Asador Bastian



Ranked the #1 steakhouse in North America by Robb Report in 2025, Asador Bastian brings Basque asador tradition to Chicago's River North, centering the txuletón — thick bone-in ribeye from old dairy cows — cooked over open fire in the historic Flair House. The wine list runs 140 selections with a strong Spanish spine, and the room reads intimate rather than clubby, which separates it from the city's old-guard chophouse circuit.

Fire, Provenance, and the Deal on the Table
There is a particular kind of Chicago steakhouse that has defined the city's business dining for decades: high-backed booths, a dense wine list, a menu of 48-day aged prime cuts ordered by the ounce, and a room designed to project seriousness. Asador Bastian, in the historic Flair House on West Erie Street, is not that restaurant. Where the classic Chicago chophouse signals power through volume and darkness, Asador Bastian signals it through restraint: polished wood, exposed brick, soft light from a room scaled for conversation rather than performance. The open fire grill is visible from the dining room, which keeps everything honest. What you see cooking is what arrives at the table.

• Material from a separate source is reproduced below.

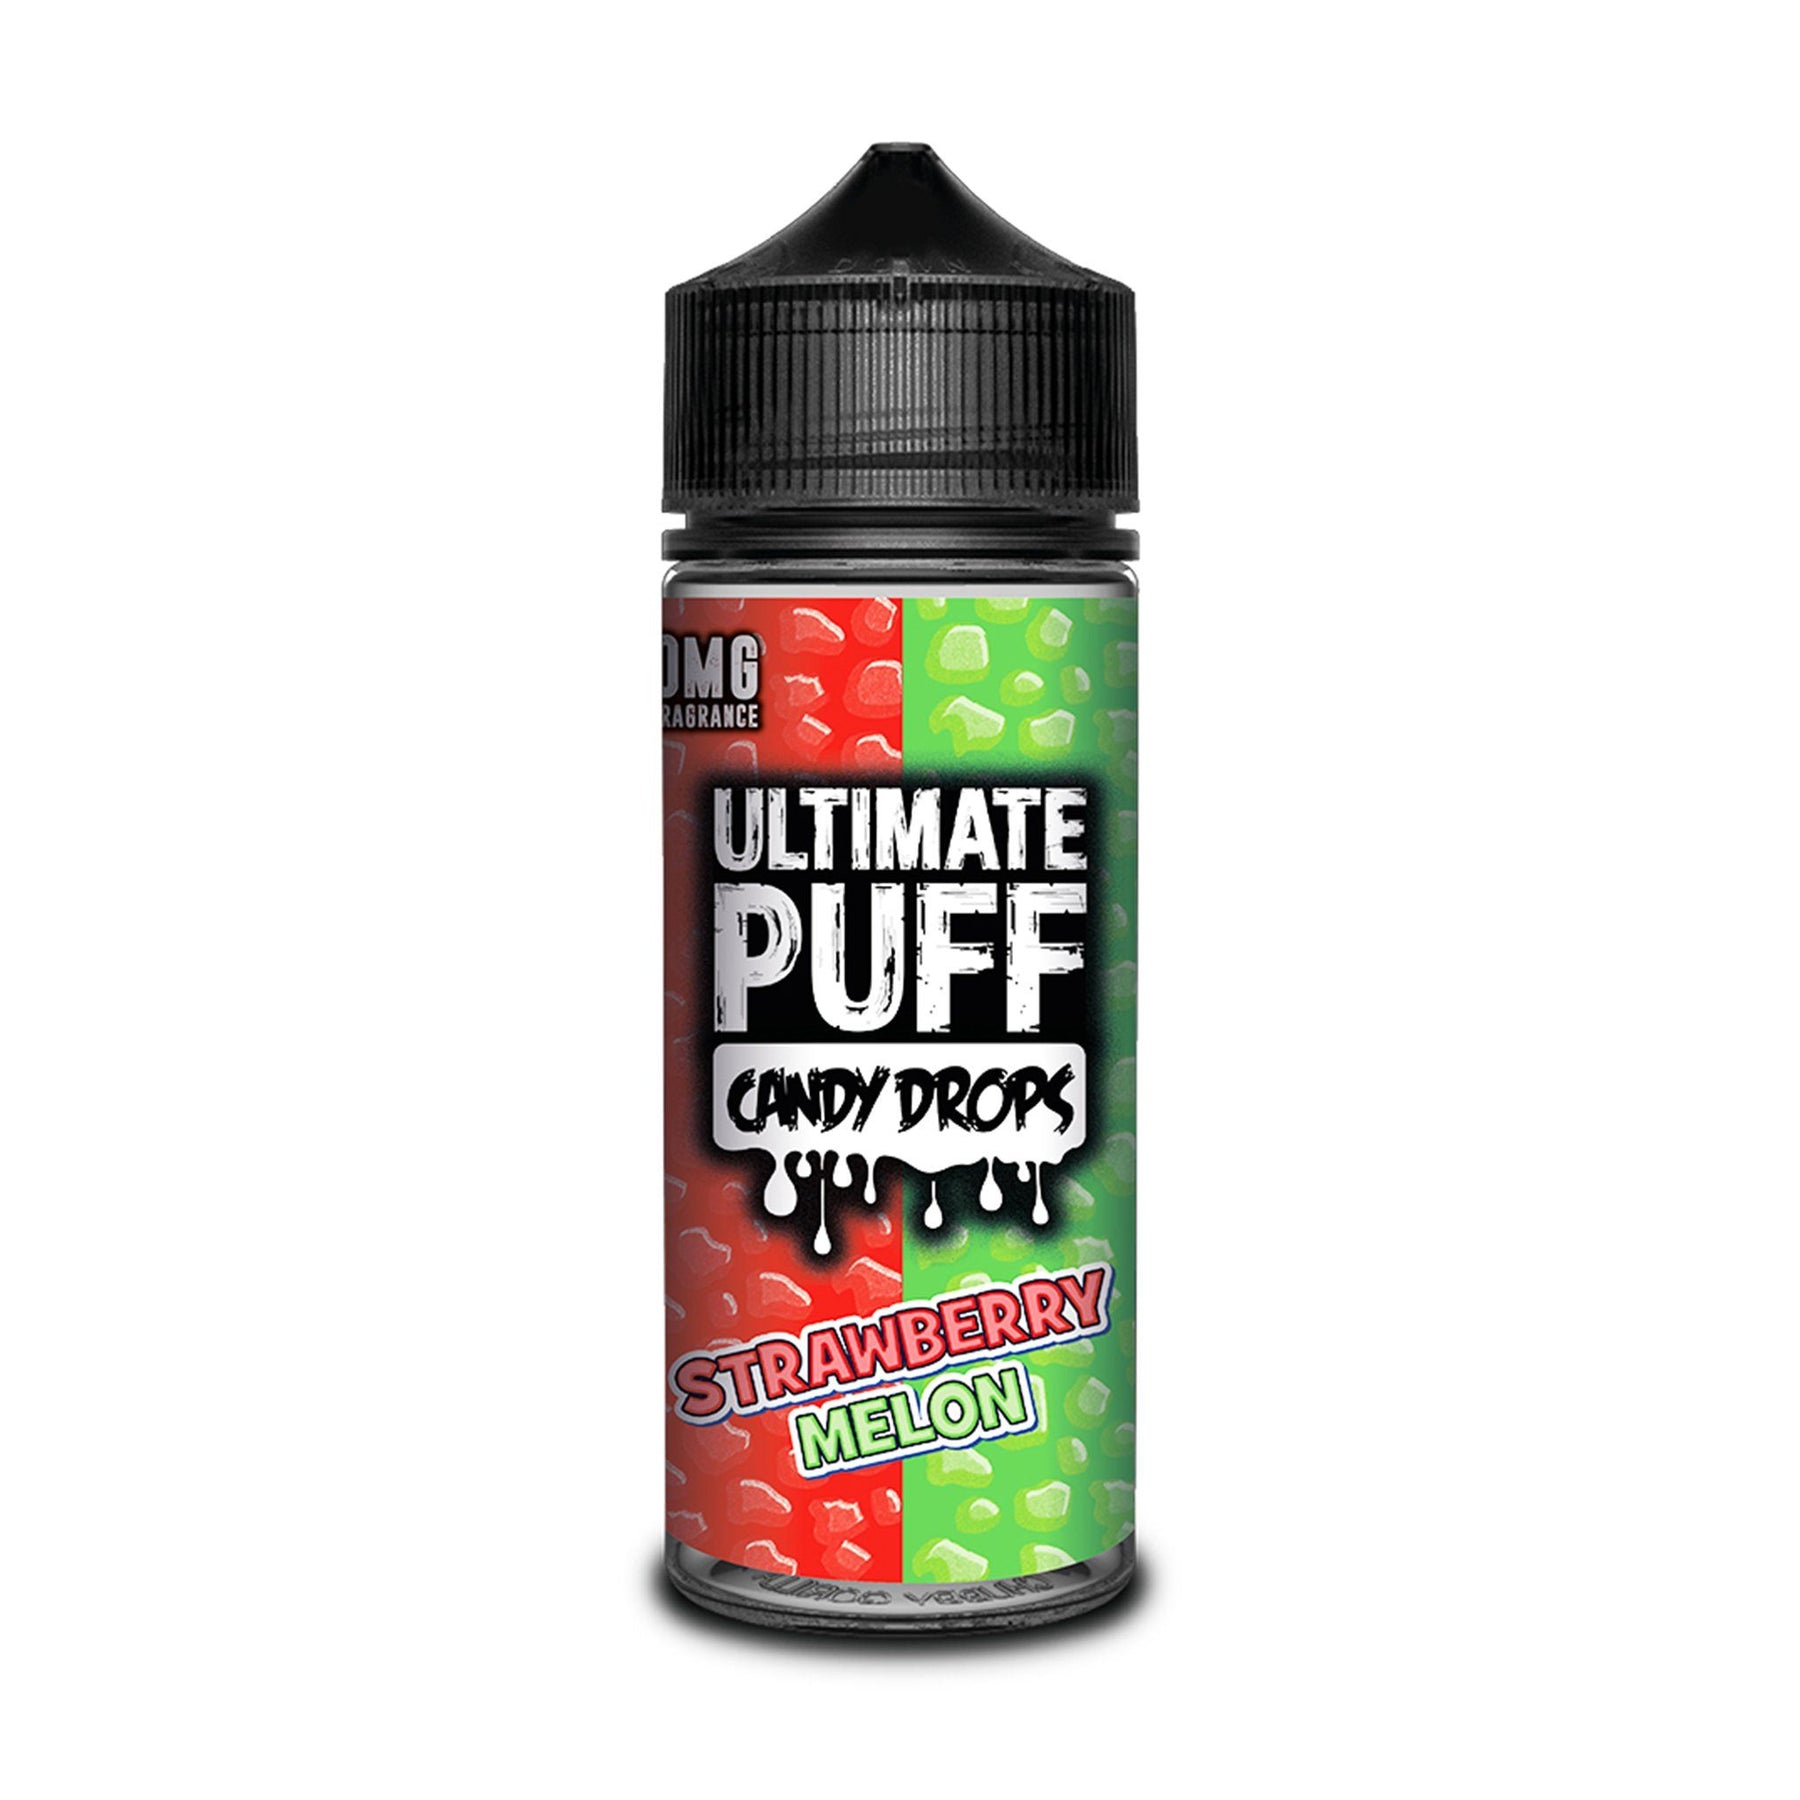 Ultimate Puff Short Fill E-Liquid Strawberry Melon Candy Drops

That transparency is the point of the Basque asador format, and it transfers unusually well to a business dining context. In the Basque Country, an asador is not a steakhouse in the American sense; it is a place organized around the ritual of live-fire cooking, sourced beef, and unhurried eating. Asador Bastian brings that structure to River North, and in doing so has created a dining room where the food does enough of the talking that a lunch or dinner meeting can move at its own pace without the theatre of multi-course tasting menus or the noise of a conventional steakhouse floor.
The Cut That Defines the Room
The center of the menu is the txuletón, a thick bone-in ribeye cut from old dairy cows, aged and grilled over live embers in the Basque tradition. The sourcing runs to Galicia, Spain, and to American beef bred to replicate the fat composition and marbling depth of Spanish old-cow beef. Dry-aging happens in-house. The grill is open. These are not incidental details; they are the operating logic of the restaurant, and they position Asador Bastian in a very specific tier of the American steakhouse market: one where the quality argument is made through provenance and method rather than USDA grade and portion size alone.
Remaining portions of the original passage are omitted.